Publié le 08 mars 2010 par 509
Discours inaugural du professeur Jean François pour sa chaire d'études haïtiennes de l'Etat de New York
Discours inaugural du professeur Jean François pour sa ch...Sortir des chemins étriqués de la mémoire, éviter les pièges tendus au fil de l'histoire haïtienne depuis longtemps, rendre possible une analyse honnête fondée sur une philosophie humaniste du politique, voilà certains des thèmes les plus percutants du discours prononcé le 17 février dernier par le professeur Jean François - plus connu sous le pseudonyme d'Avin ou A20 -, à l'université d'état de Rockland, New York, dans le cadre de l'inauguration de la chaire d'études haïtiennes créée grâce à deux sénateurs de l'état de New York: Thomas P. Morahan et John Sampson. Rendant hommage au monde intellectuel haïtien, le discours propose de se pencher sur l'histoire d'Haïti à la lumière du tragique dans son acception la plus noble et la plus digne: celle de l'antiquité grecque. Il est également porteur d'une grande humilité et générosité envers le peuple haïtien et sans concession avec la classe politique : après avoir rappelé aux représentants du parlement américain le rôle de leur pays dans le destin d'Haïti, Jean François a rejeté l'ensemble de la classe politique haïtienne et demandé la convocation d'une assemblée constituante.

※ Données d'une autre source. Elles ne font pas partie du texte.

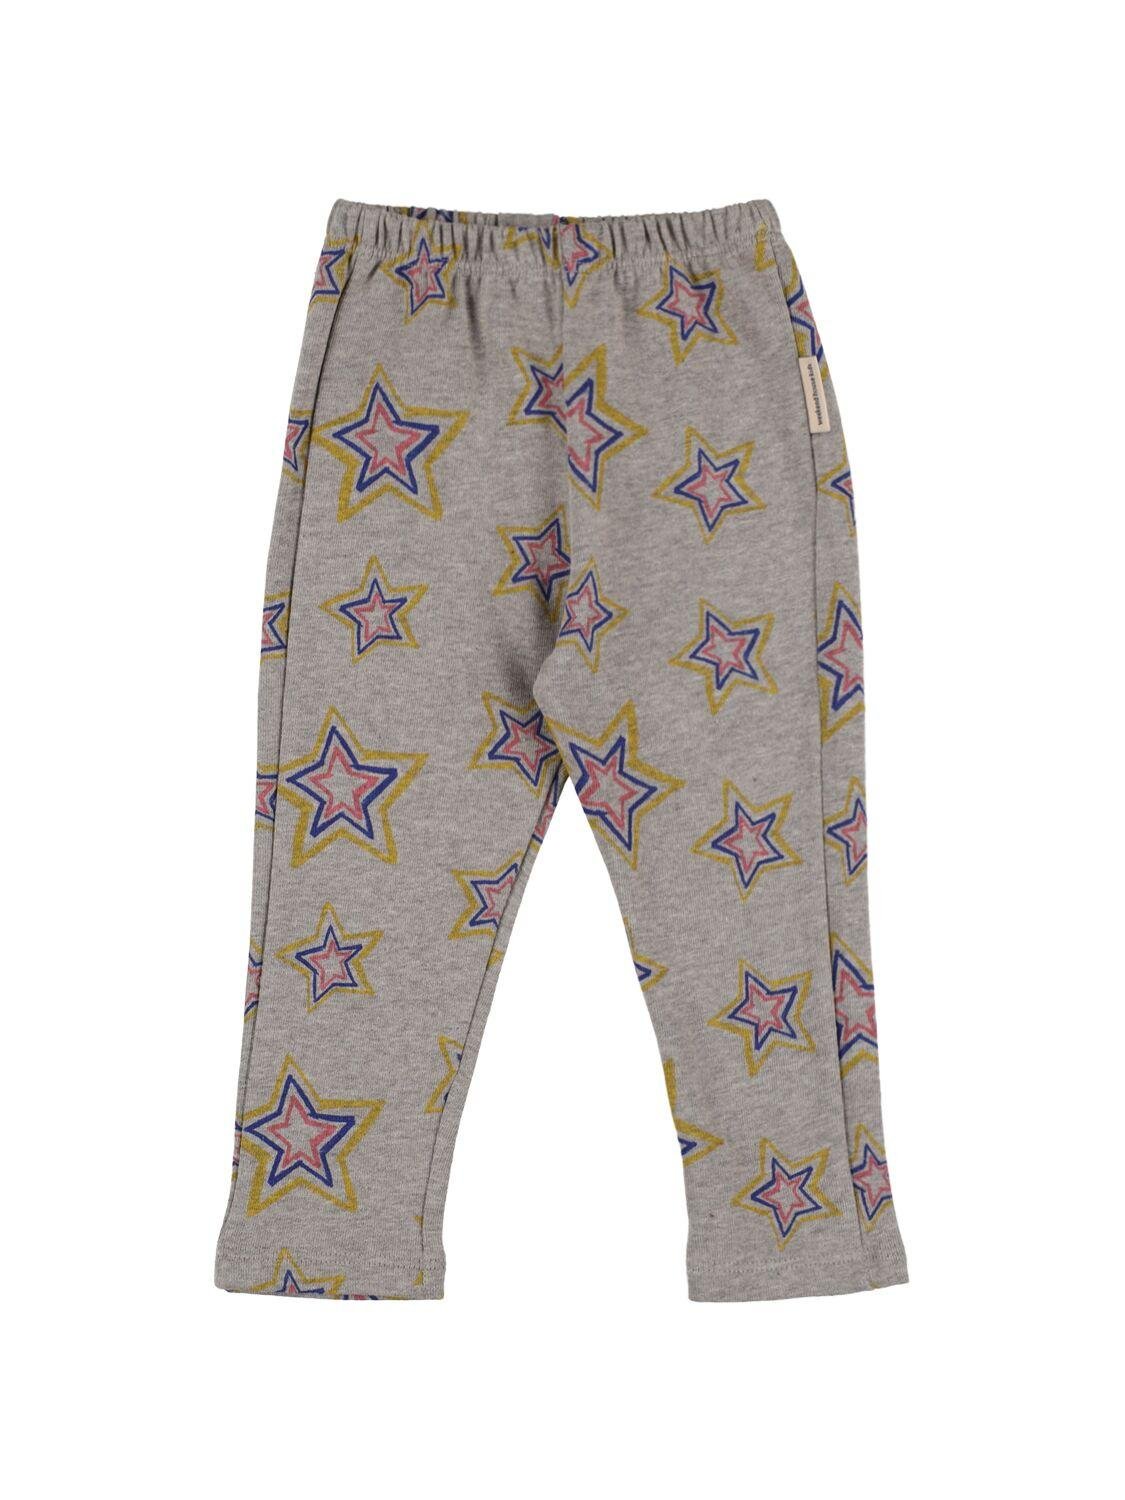 Printed Cotton Sweatpants by WEEKEND HOUSE KIDS
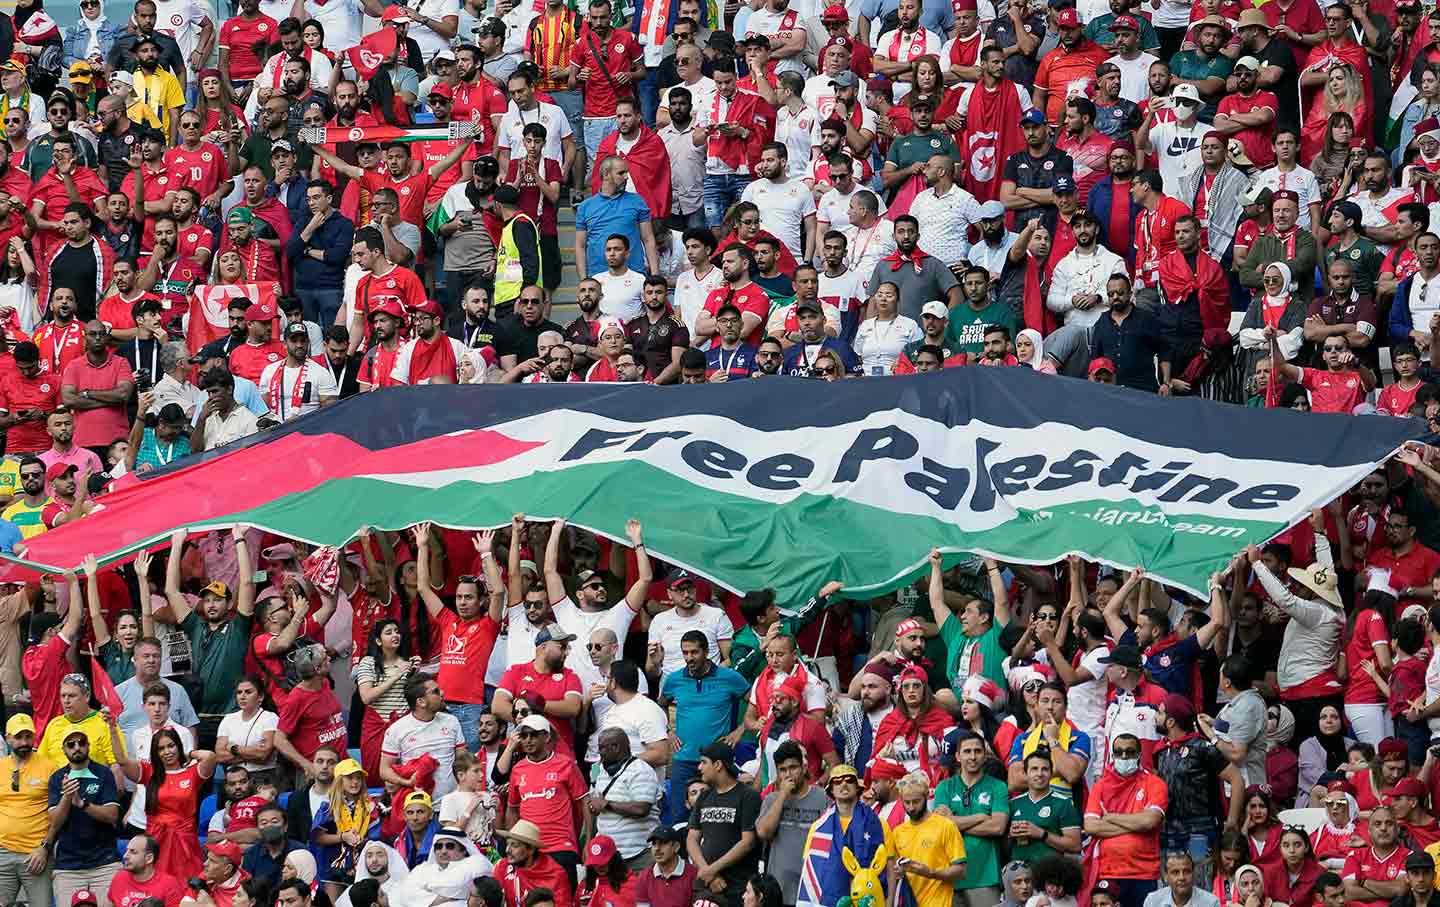 Soccer fans unfurl a flag that reads Free Palestine at the World Cup in Qatar.

Je voudrais pour commencer exprimer une pensée à l'endroit du sénateur Thomas P. Morahan, qui est à la base de cette chaire d'Etat d'études haïtiennes à Rockland Community College et à Medgar Evers College. Sénateur Morahan attendait la rencontre d'aujourd'hui, mais malheureusement, il n'a pas pu y participer en raison de son état de santé. J'espère qu'il sera en mesure d'assister à mes séminaires.Ces jours-ci, Haïti est devenue le pays le plus populaire du monde, où que vous alliez, vous tombez sur des affiches sollicitant de l'aide pour venir à son secours. Elle est devenue tristement populaire. Je deviens timide quand je débarque dans un endroit où l'on sait que j'étais à Port-au-Prince le 12 janvier dernier. La compassion mêlée à de l'admiration sur le visage des gens - je suis un survivant - est émouvante. Mais le geste de sympathie ne suffit pas pour étouffer mon désappointement quand je constate que nombre de ces gens ne savent pas plus d'Haïti que son nom. Dans de telles circonstances, une seule expression me vient à l'esprit, elle est de Michel Trouillot : silencing the past. Le passé d'Haïti a toujours été tu, Haïti a toujours été ignorée. Cette attitude est observable même au niveau de l'université. Pour vous référer à ce que je considère comme l'exemple le plus scandaleux : il y a trente trois ans, l'université de Virginia, à l'occasion du bicentenaire de l'indépendance des Etats-Unis, a confié à Jacques Derrida, le grand philosophe français, la tâche d'offrir un nouvel éclairage sur la Déclaration d'Indépendance Américaine. Comme d'habitude, le philosophe a exécuté la commande avec beaucoup de finesse. La conférence a été publiée sous forme de livre sous le titre Otobiographies.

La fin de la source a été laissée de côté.